■ Source data
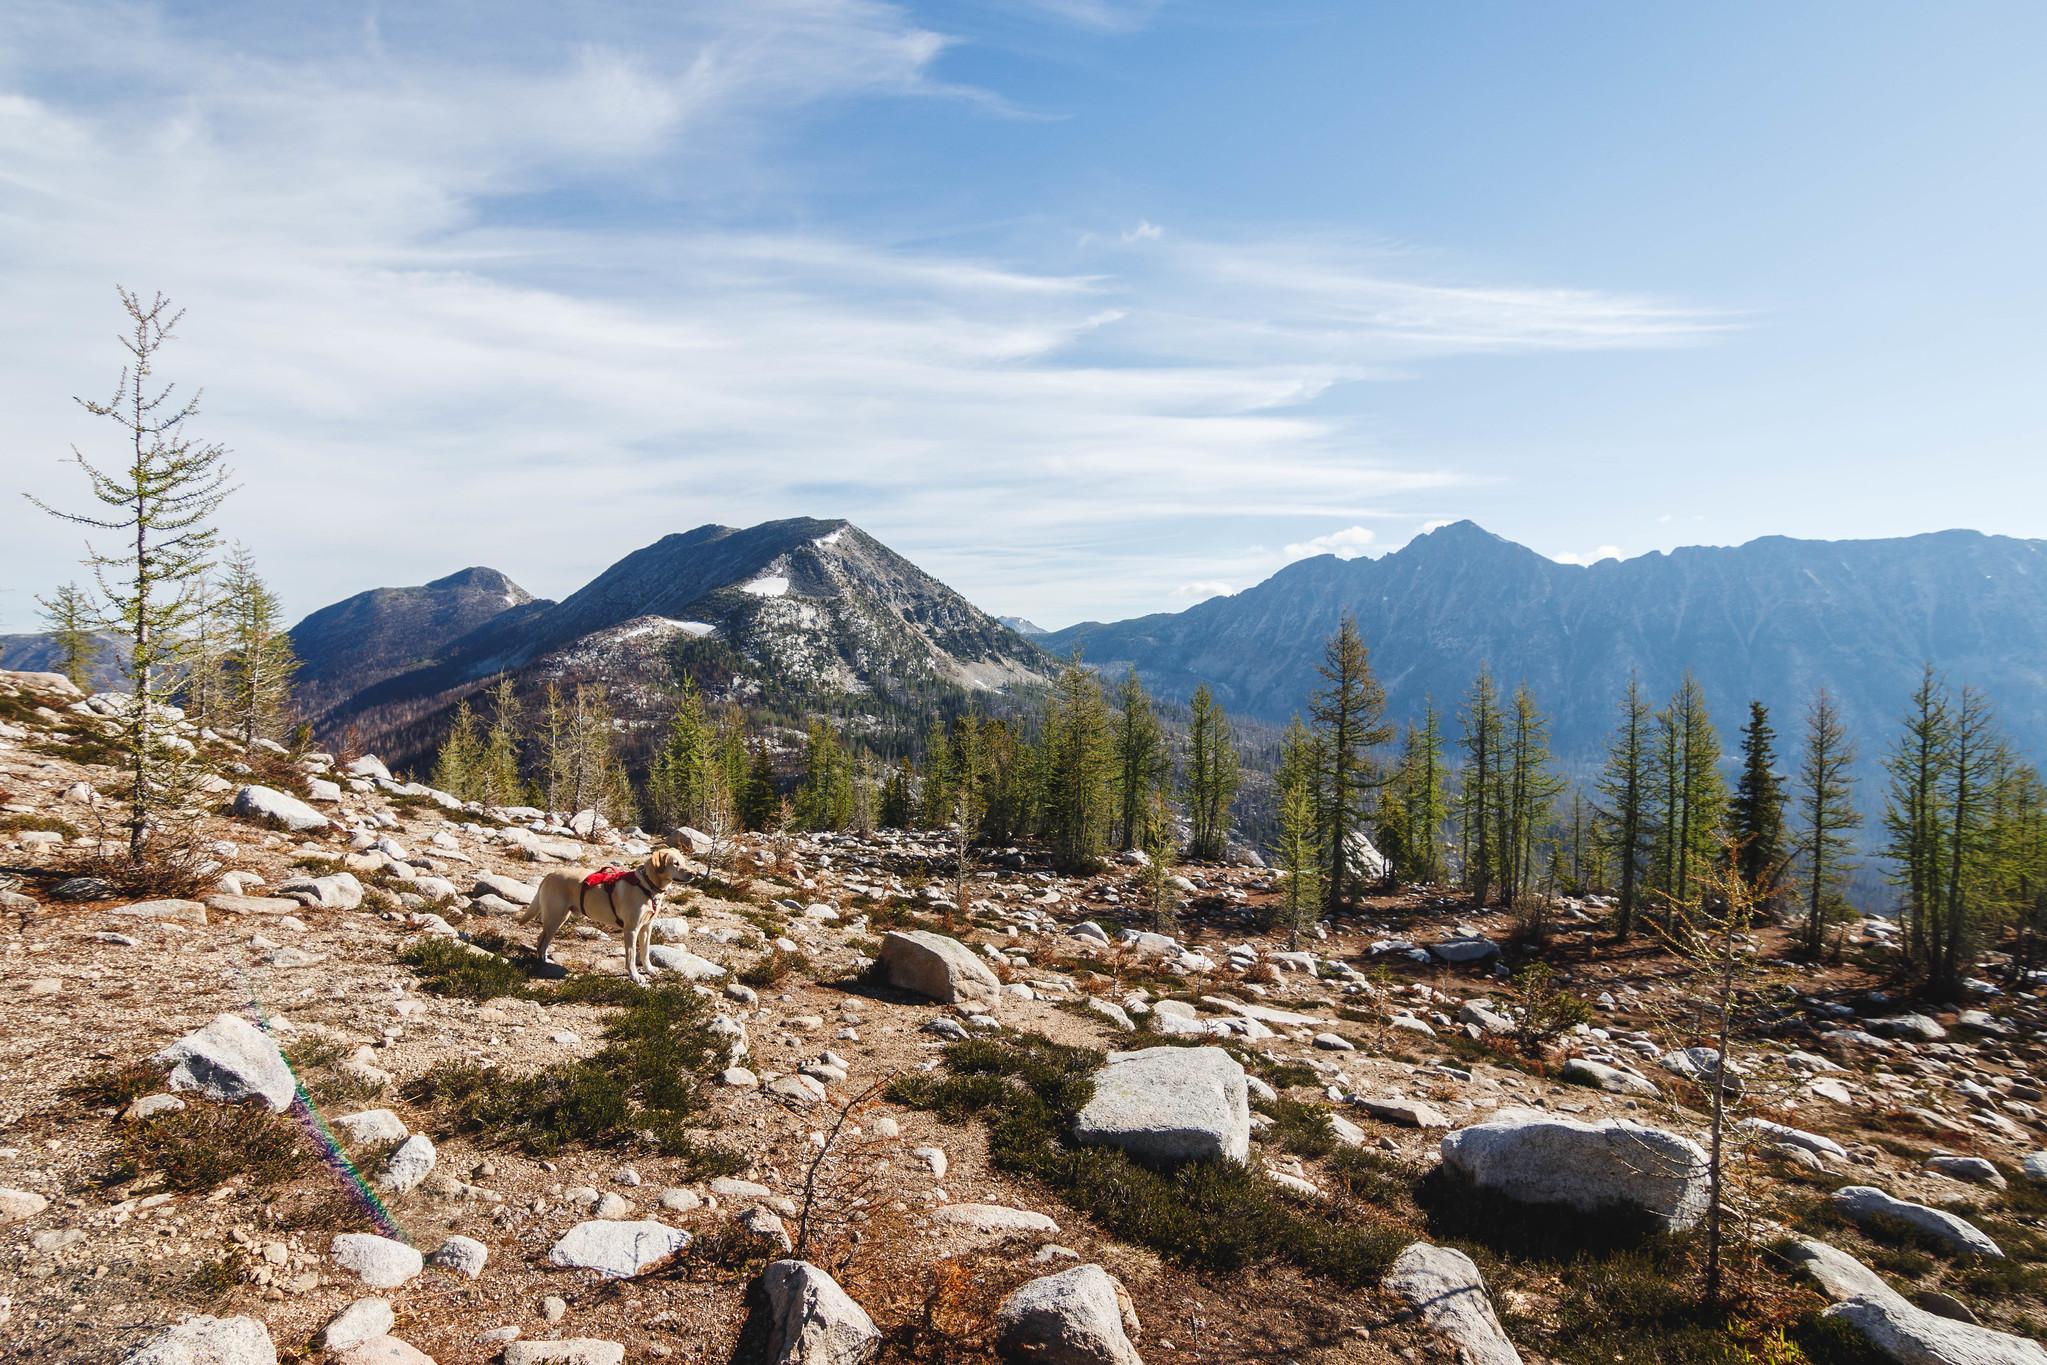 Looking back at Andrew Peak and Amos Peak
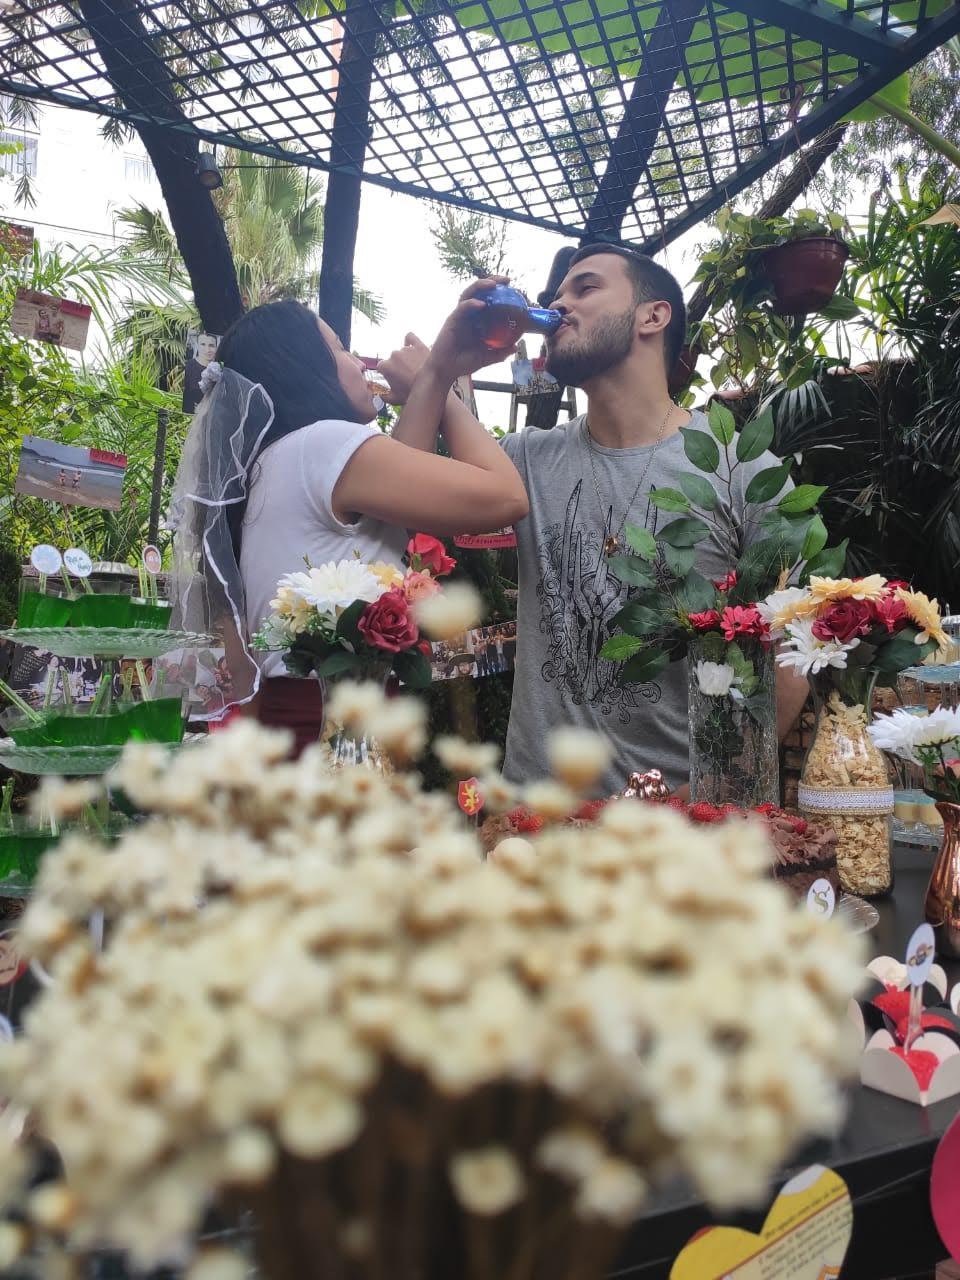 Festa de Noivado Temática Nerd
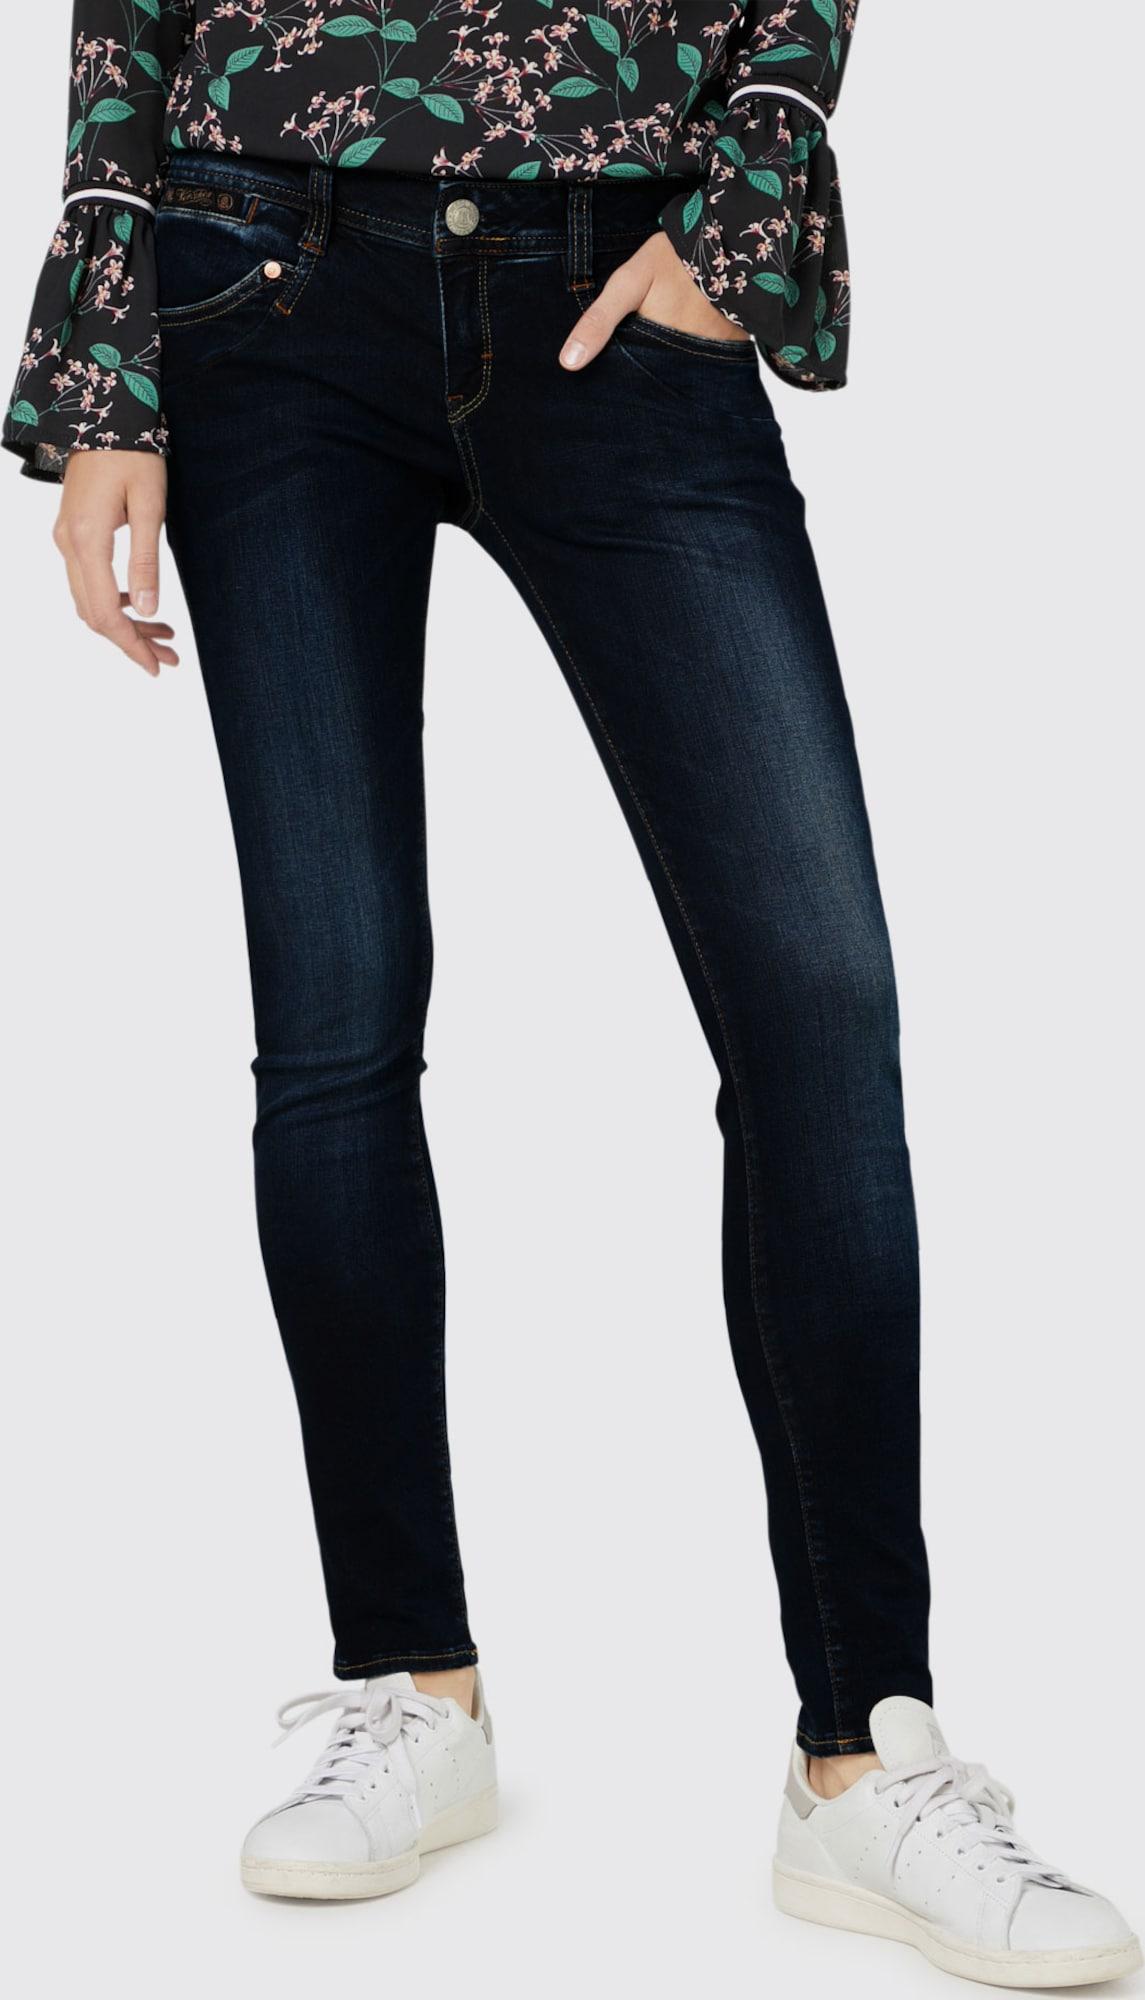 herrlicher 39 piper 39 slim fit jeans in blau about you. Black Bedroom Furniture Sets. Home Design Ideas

■ About this task
Give the listing above again in its entirety and exactly; do not include the pictures.

■ Written response
 Looking back at Andrew Peak and Amos Peak
 Festa de Noivado Temática Nerd
 herrlicher 39 piper 39 slim fit jeans in blau about you. Black Bedroom Furniture Sets. Home Design Ideas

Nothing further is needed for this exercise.